All night the house shook and jarred in the wind. Next day the storm was worse than ever. Thenoises of the wind were more terrible and snow struck the windows with an icy rattle.

Ma made ready to go to the stable. “Eat your breakfast, girls, and be careful with the fire,” she said. Then she was gone into the storm.

After a long time she came back and another day began.

It was a dark, long day. They huddled close to the stove and the cold pressed against their backs. Carrie was fretful, and Ma's smile was tired. Laura and Mary studied hard, but they turns looking out at the snow blowing in waves over the ground. The sky looked like ice. Even the air looked cold above that fast-blowing flood of snow, and the sunshine that came through the peep-hole was no warmer than a shadow.

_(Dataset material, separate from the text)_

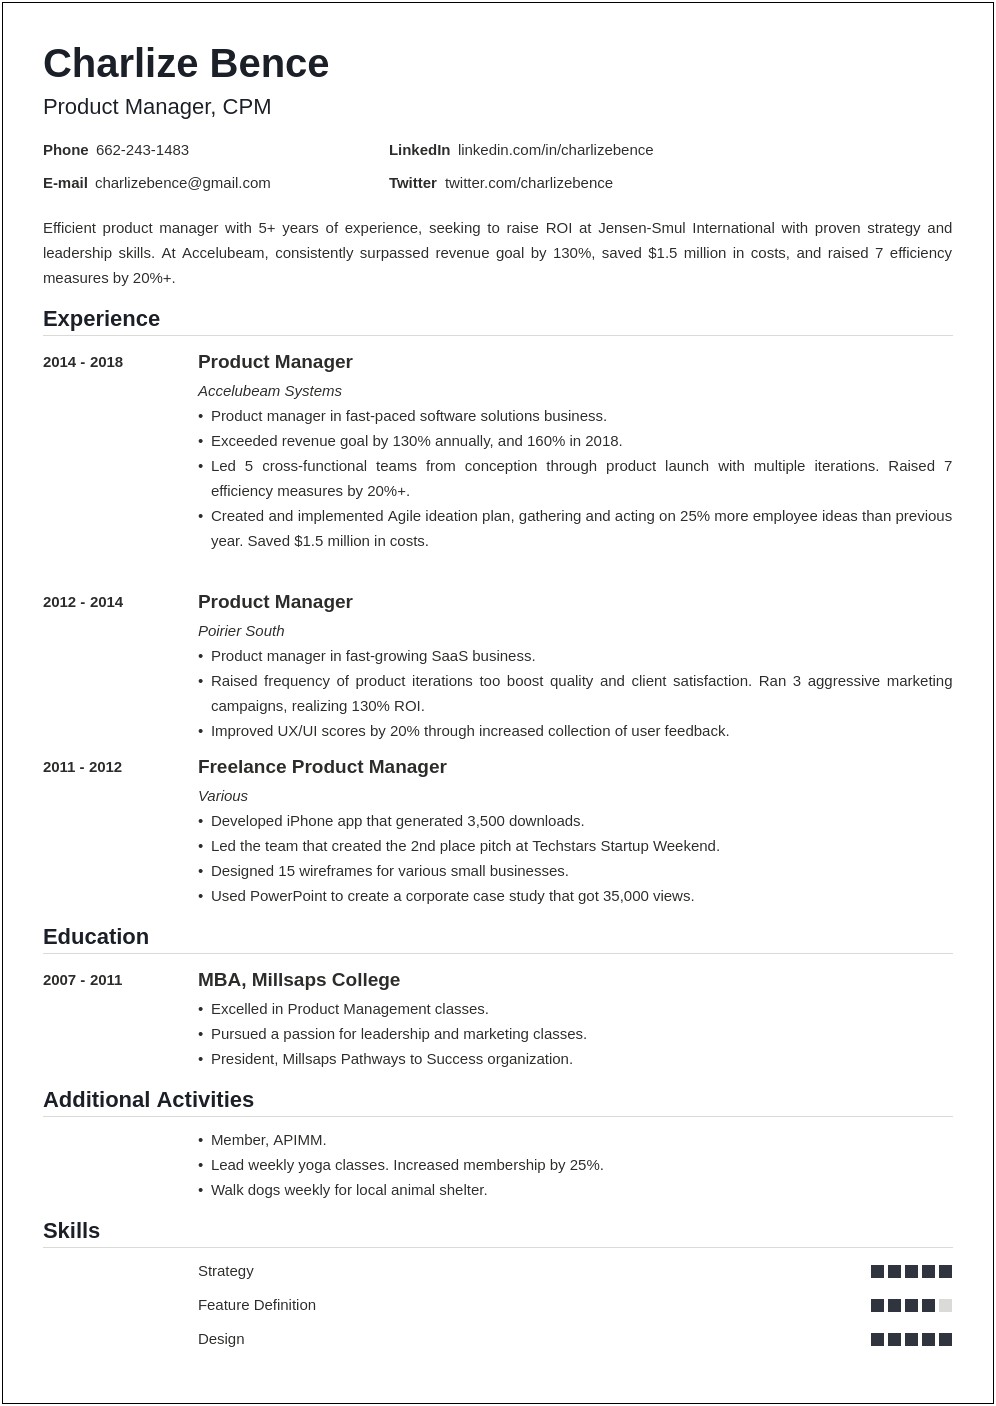 Resume Objective For Product Owner

Sidewise from the peep-hole, Laura glimpsed something dark. A furry big animal was wading deep in the blowing snow. A bear, she thought. It shambled behind the corner of the house and darkened the front window.

“Ma ! ” she cried. The door opened, the snowy, furry animal came in. Pa's eyes looked out of its face. Pa's voice said, “Have you been good girls while I was gone?”

Ma ran to him. Laura and Mary and Carrie ran, crying and laughing. Ma helped him out of his coat. The fur was full of snow that show-ered on the floor. Pa let the coat drop, too.

“Charles! You're frozen!” Ma said.

“Just about,” said Pa. “And I'm hungry as a wolf. Let me sit down by the fire, Caroline, and feed me.”

His face was thin and his eyes large. He sat shivering, close to the oven, and said he was only cold, not frost-bitten. Ma quickly warmed some of the bean broth and gave it to him.

“That's good,” he said. “That warms a fellow.”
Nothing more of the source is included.